Natural gas gathering and processing
Can also be used in combination (Figure 1). According to the liquid content in the fluid being transported, the gas collecting pipe network can adopt single casing network gas and liquid mixed transmission within the allowable pressure drop range, and can also separate gas and liquid in advance at the well site, using two casing networks Gas and liquid transfer. If the gas field has more than two gas reservoirs to be exploited at the same time, a multi-casing network should be set up according to the gas quality and pressure of different production layers. The pressure of the gas collection pipe network is determined according to factors such as formation pressure, gas-liquid separation process and pressure requirements of the gas transmission system.
In the later stage of gas field production, the production and pressure of gas wells are reduced at the same time. Compressors can be used to collect gas when natural gas cannot enter the gas collection network by its own pressure and cannot be used locally. Mine gas collection generally uses a reciprocating compressor unit driven by a dedicated gas engine to adapt to the continuous changes in both the exhaust volume and the compression ratio. The unit can be installed at a well site or a gas gathering station. If a large amount of high-pressure natural gas can be obtained nearby without other constraints, an ejector with high-pressure gas and low-pressure gas can be used to collect low-pressure natural gas to enter the gas collection pipe network.

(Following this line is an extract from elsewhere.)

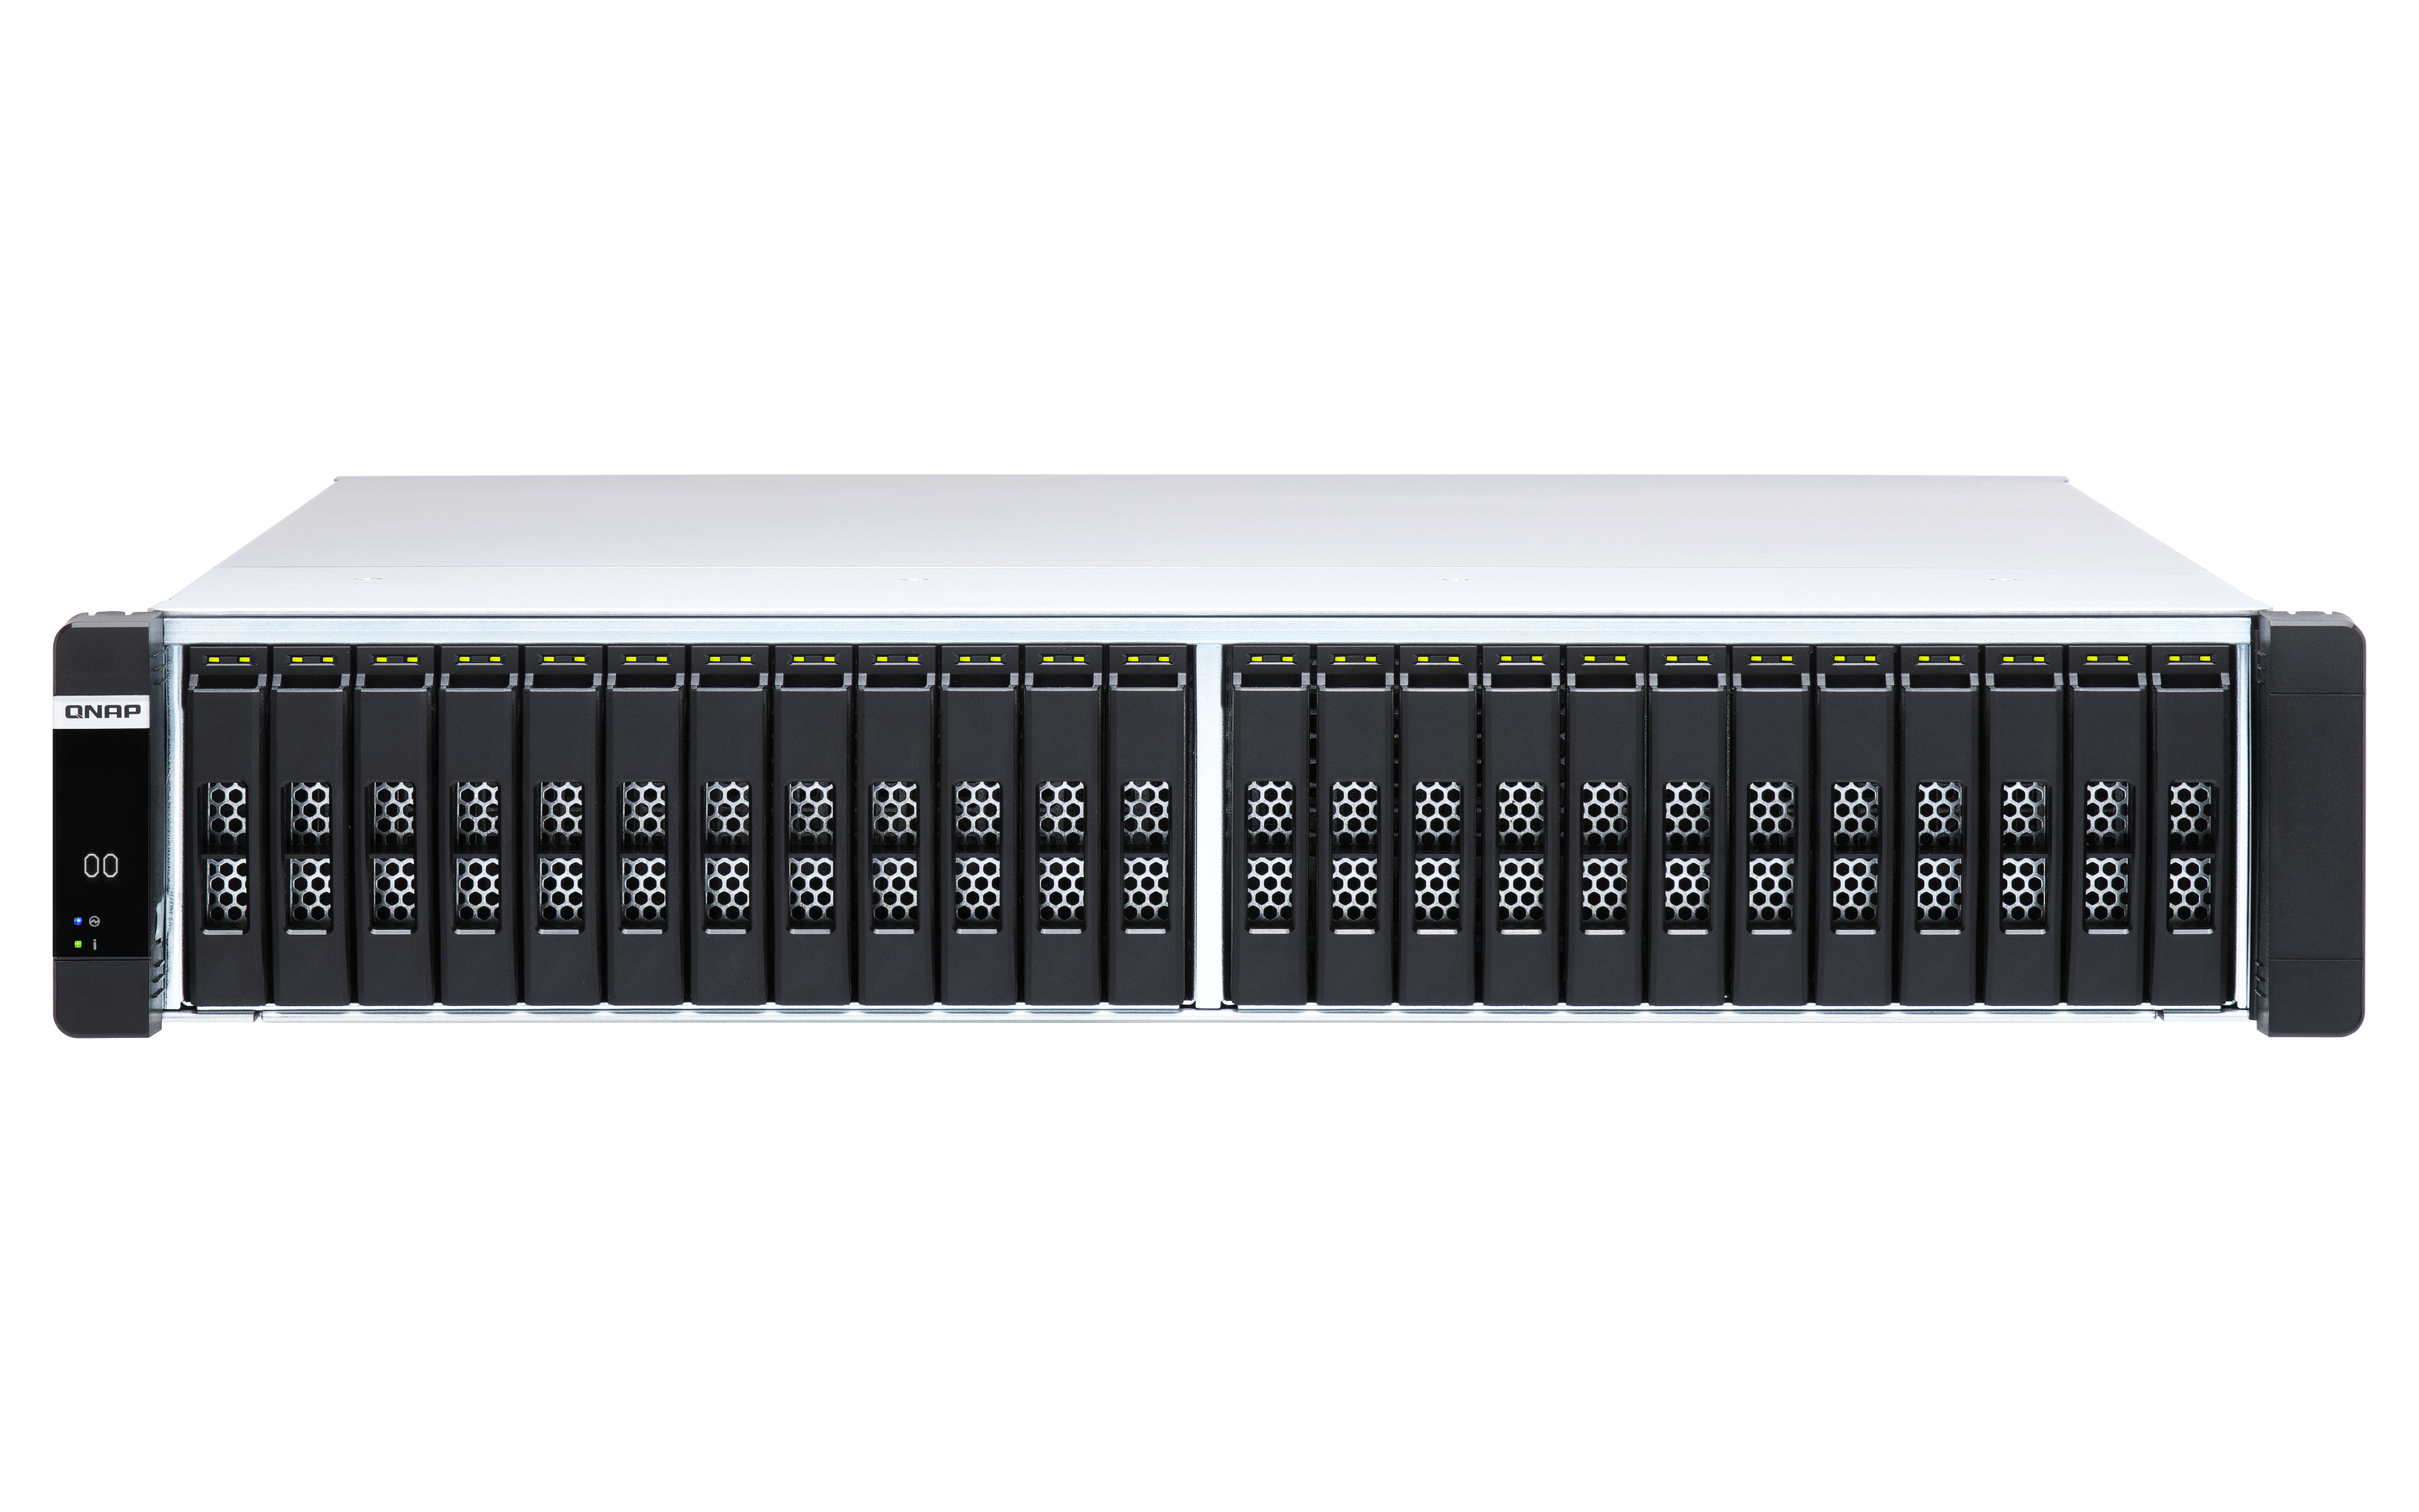 ES2486DC-2142IT-128G-US

For the gas collection network of sulfur-containing gas fields, low-carbon steel or sulfur-resistant low-alloy steel pipes are often used to prevent stress corrosion caused by sulfides (see carbon steel, alloy steel, stress corrosion fracture and hydrogen embrittlement).
Formation gas, condensate, condensate, and a small amount of sand from the gas well are separated from the natural gas. In the main stage of the gas field development process, the wellhead pressure of the gas well is generally much higher than the pressure of the gas gathering network. When the pressure is throttled and reduced, the Joule-Thomson effect will occur, which will reduce the temperature of the natural gas. Even above 0 ° C, certain components in natural gas can still form ice-snow-like hydrates with existing free water under certain temperature and pressure conditions, blocking pipelines and equipment. The separation process of the mine is divided into normal temperature separation and low temperature separation according to different methods to prevent the formation of hydrates.
Separation at room temperature
Hydrate formation is prevented by heating. The natural gas from the wellhead is first heated, then throttled and decompressed before entering the separator. After gas-liquid separation should be measured separately (Figure 2). The degree of heating and pressure reduction stages depend on wellhead temperature and wellhead pressure. Separation at room temperature is generally used for dry gas (the content of pentane and above fractions is less than 10ml / m), which can be carried out at a well site or a gas gathering station.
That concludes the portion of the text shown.